One step forward, a million back. That just about sums up the general goings on at Everton Football Club these days.
It’s not a good time to be a Blue. One win in 13, defeat last week to the team at the bottom of the league, and languishing perilously close to the relegation zone.
Rafa Benitez got the bullet, and for the time being, club legend Duncan Ferguson has taken charge of the first team.
Next up for Everton is Aston Villa, and with former Liverpool captain Steve Gerrard in charge, more salt could be very well rubbed into Everton’s already gaping wound.
But the problem for the Blues isn’t really about the next game, or the one after that, and after that. Everton’s long-term problems are nothing short of gargantuan right now.
I accept there’s money being spent on a new stadium, and from the artist’s impression I’ve seen of the design, it looks amazing.
But Everton’s problems go beyond a few wins over the next few weeks.
I’ve no doubt Big Dunc will get the crowd buzzing, but the issues at Goodison Park are far more deep routed. Everton, I feel, have completely lost their identity. They have become a nothing, meaningless club.
There was talk this week that one name in the frame for the manager’s position is Roberto Martinez, the current manager of the Belgium national team and, of course, former manager of Everton.
Word on the street is the Belgium football authorities are unlikely to allow their national team manager to do both jobs, but the fact that he was even being considered speaks volumes for the lack of ambition currently displayed by Everton.
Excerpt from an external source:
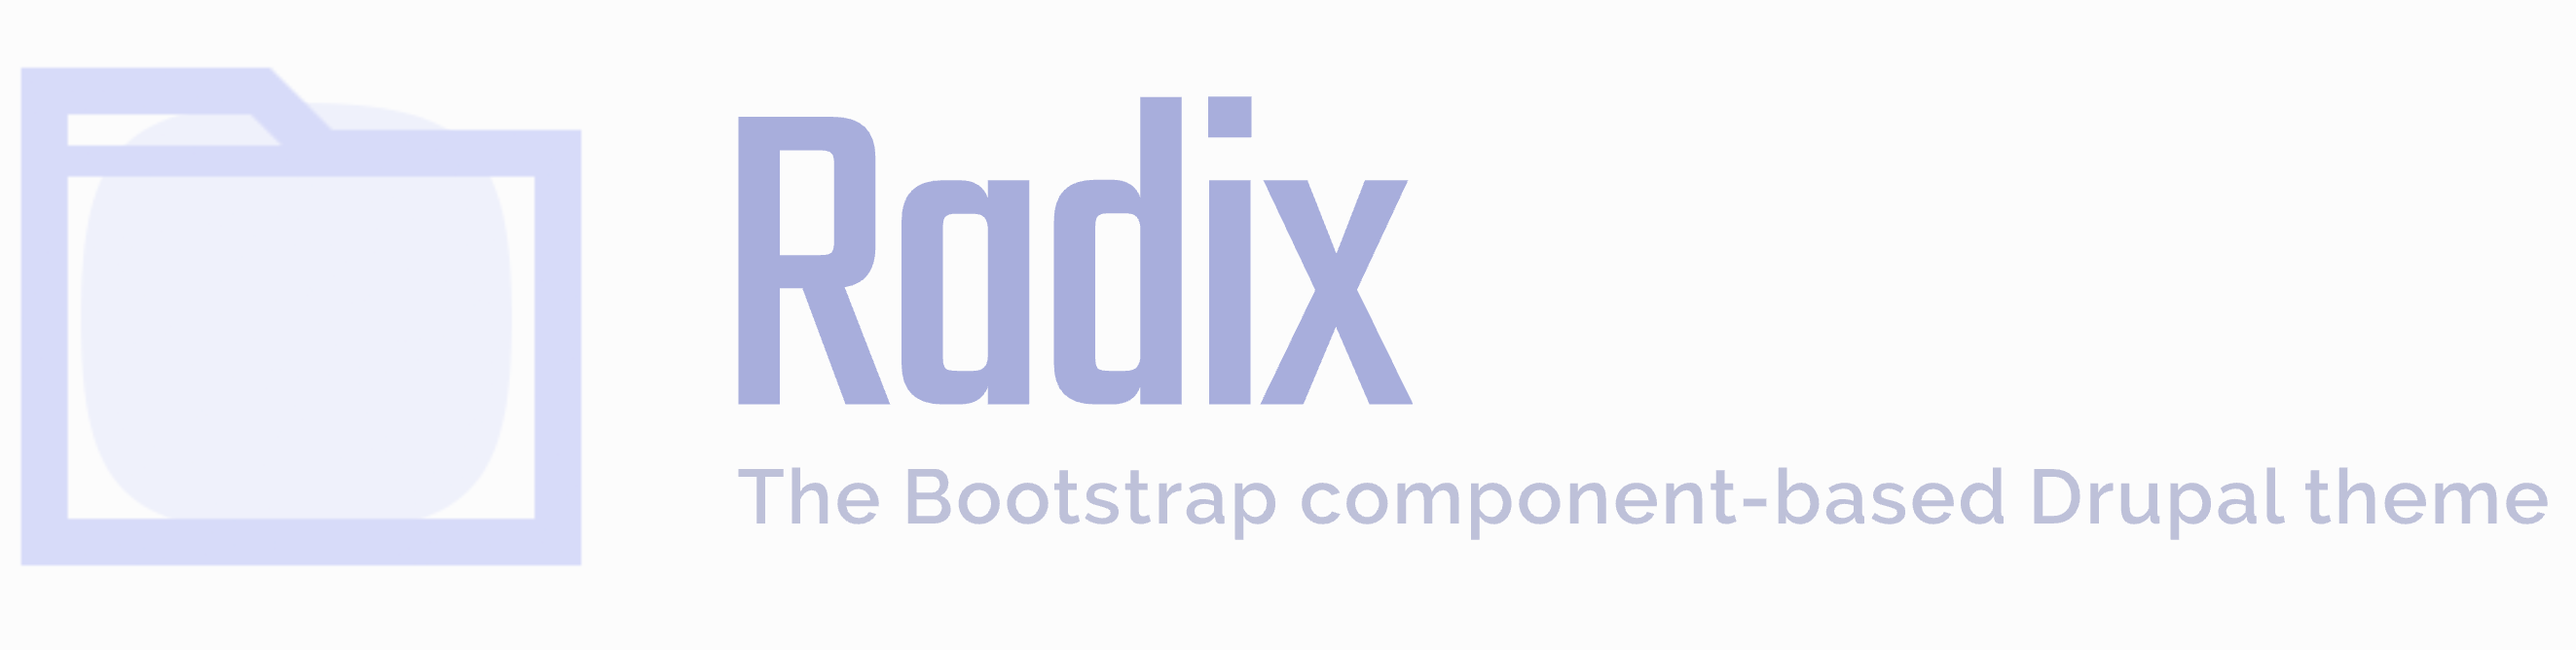 Radix, Drupal component-based bootstrap theme
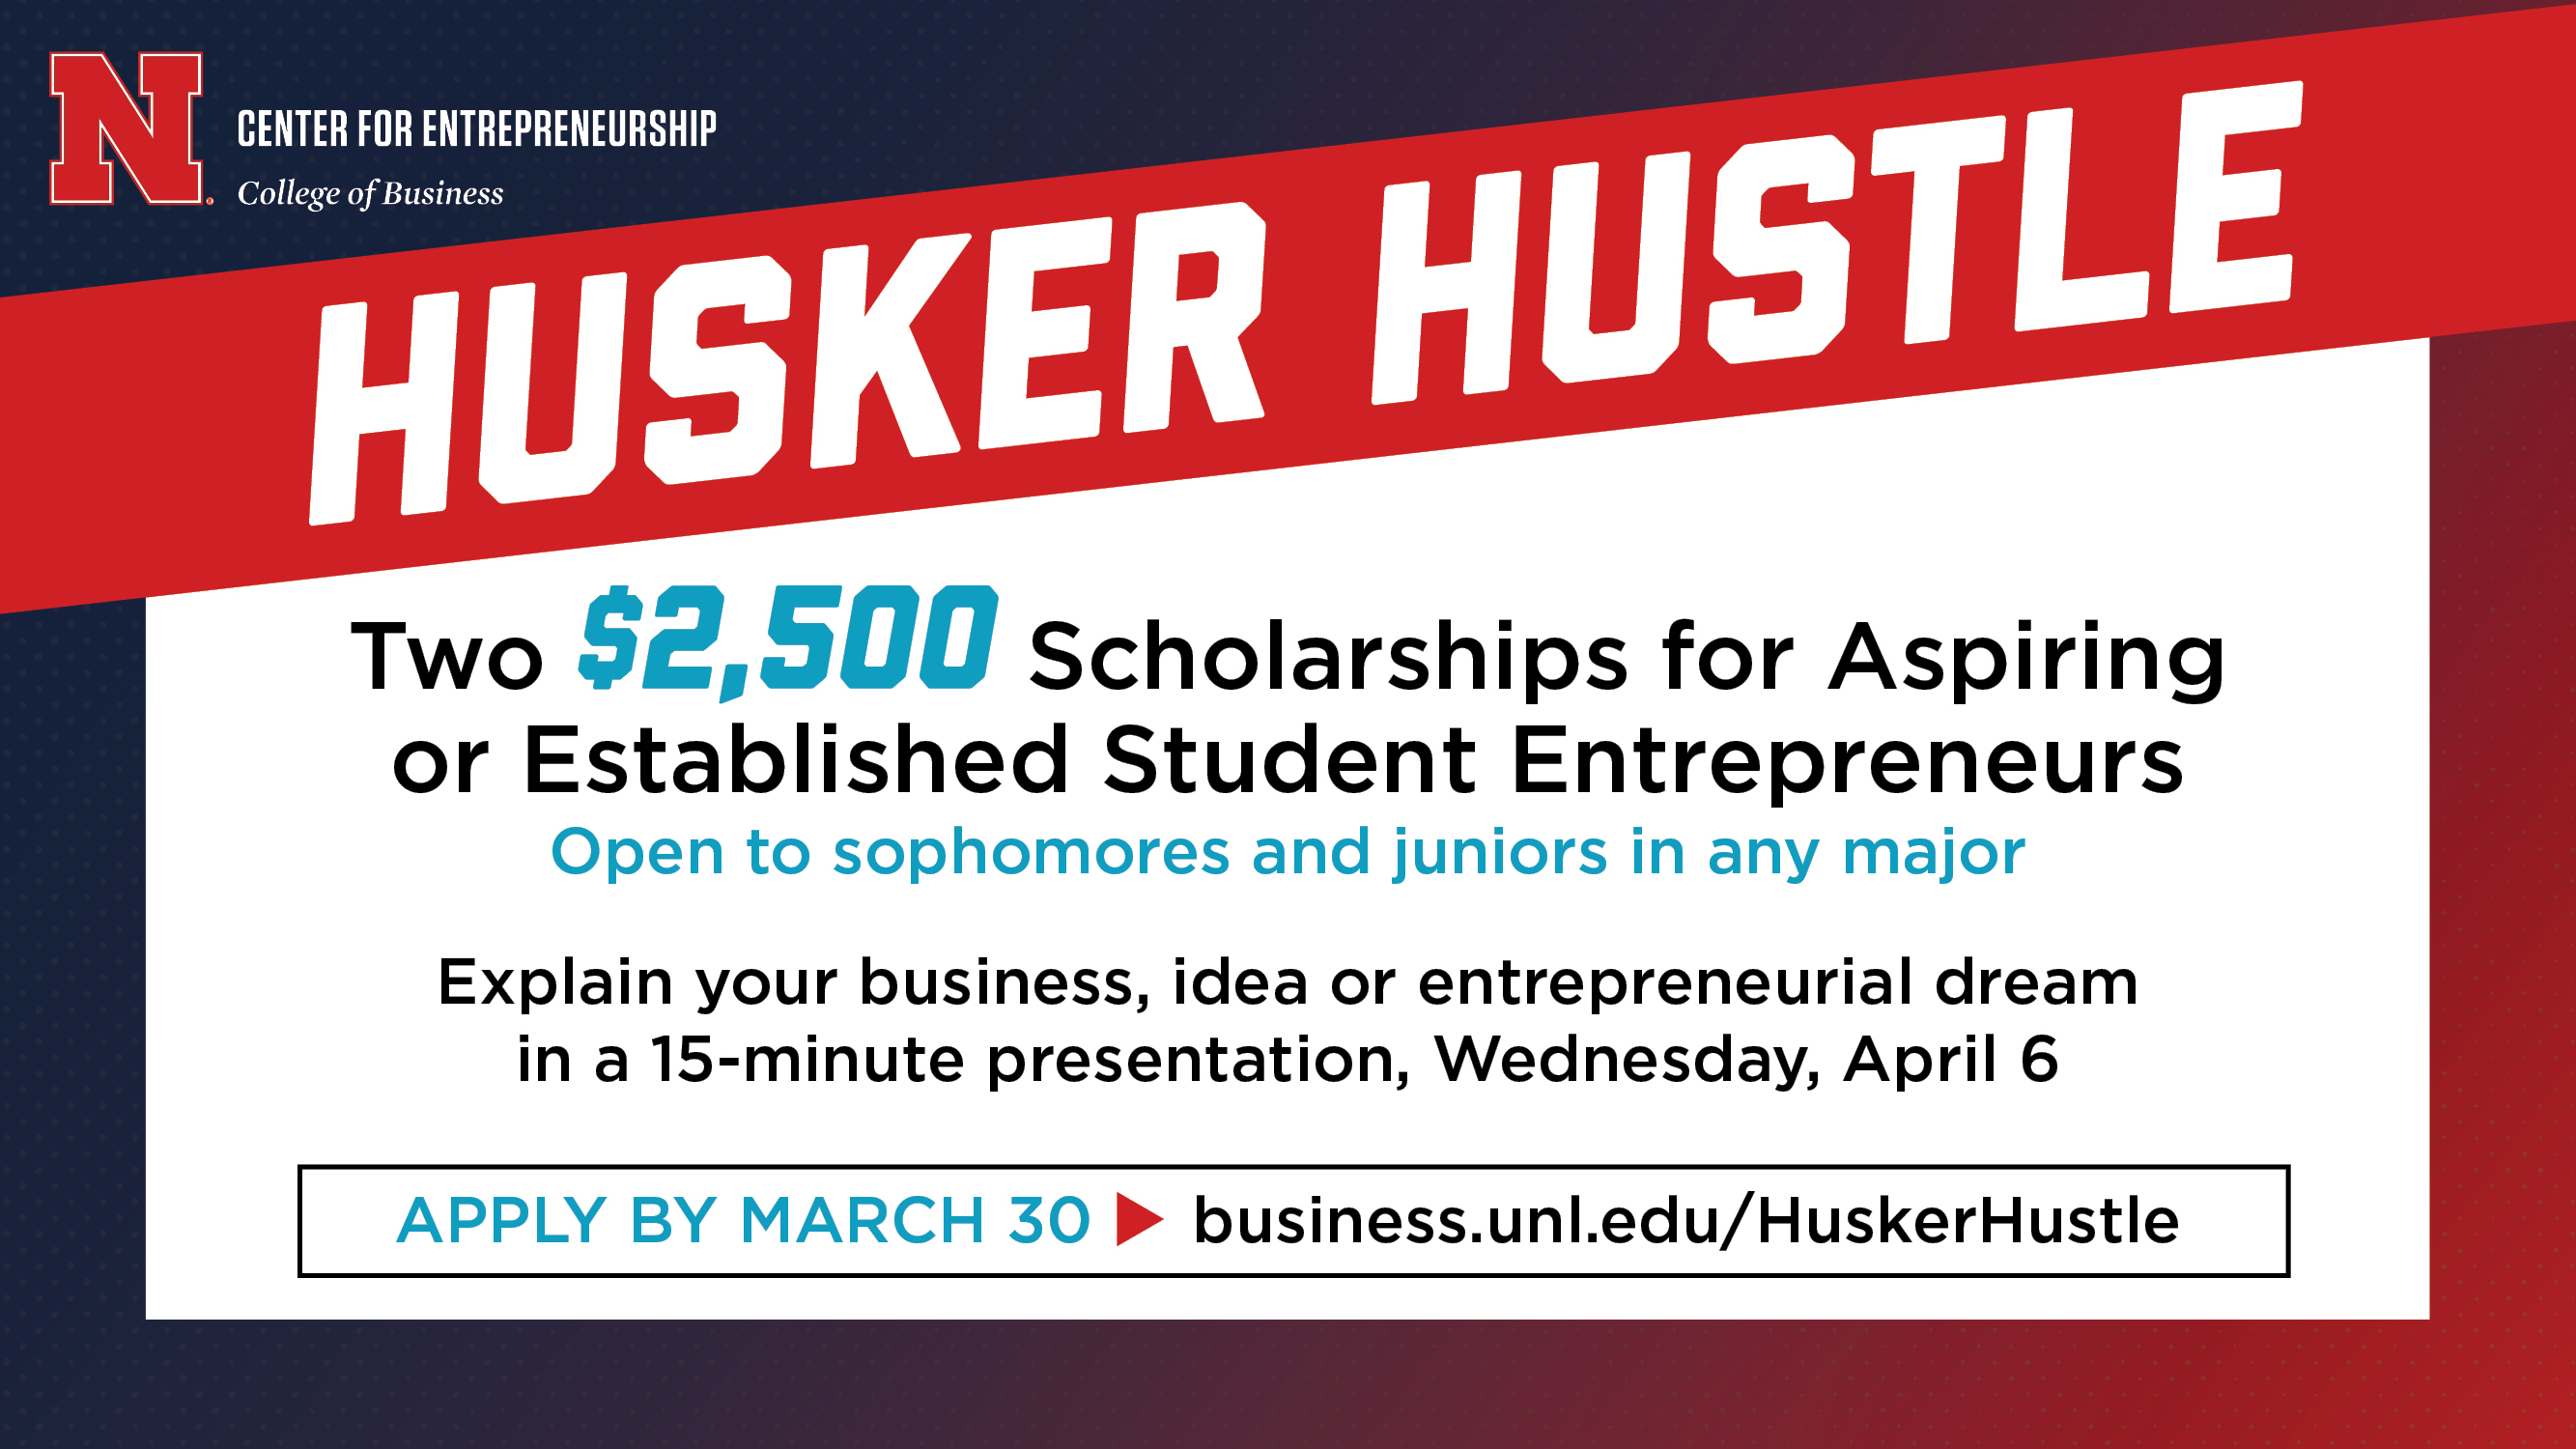 Compete for one of two $2,500 scholarships for aspiring or established student entrepreneurs in the Husker Hustle.

Martinez won nothing with Everton, and after an OK points tally in his first season (with a team almost entirely inherited from previous boss David Moyes) the former Wigan manager just went from bad to worse.
As his tenure was coming to an end, supporters had become disillusioned and made their anger known.
What followed after Martinez was basically a revolving door of managers who came and went without so much as threatening to bring back the glory days to Goodison.
Money was spent as well, a lot, and the backing from the board has been decent, especially compared to other mid-table Premier League teams.
But the cash was spent really badly, and now it’s Everton supporters that are paying the price.
Other names have been mentioned, Frank Lampard, Jose Mourinho, former Bayern Munich boss Niko Kovac, and even Wayne Rooney.
Rooney is doing wonders in his current job with Derby County, his first in management, but I feel he still lacks the experience to take over at Everton.
None of what I’ve written here will really bring any hope to the Everton faithful, but I don’t know what I can say to change that.
Everton are lost, a shadow of their former selves, and are light years away from getting anywhere close to challenging for trophies.
Whoever does get the job is going to be in for a real eyeopener when he walks into Goodison Park, so maybe their best bet is to give Duncan Ferguson a chance.
Unlikely they will get relegated this season, there are still three teams or more worse than Everton, but at least with Big Dunc he knows the job at hand.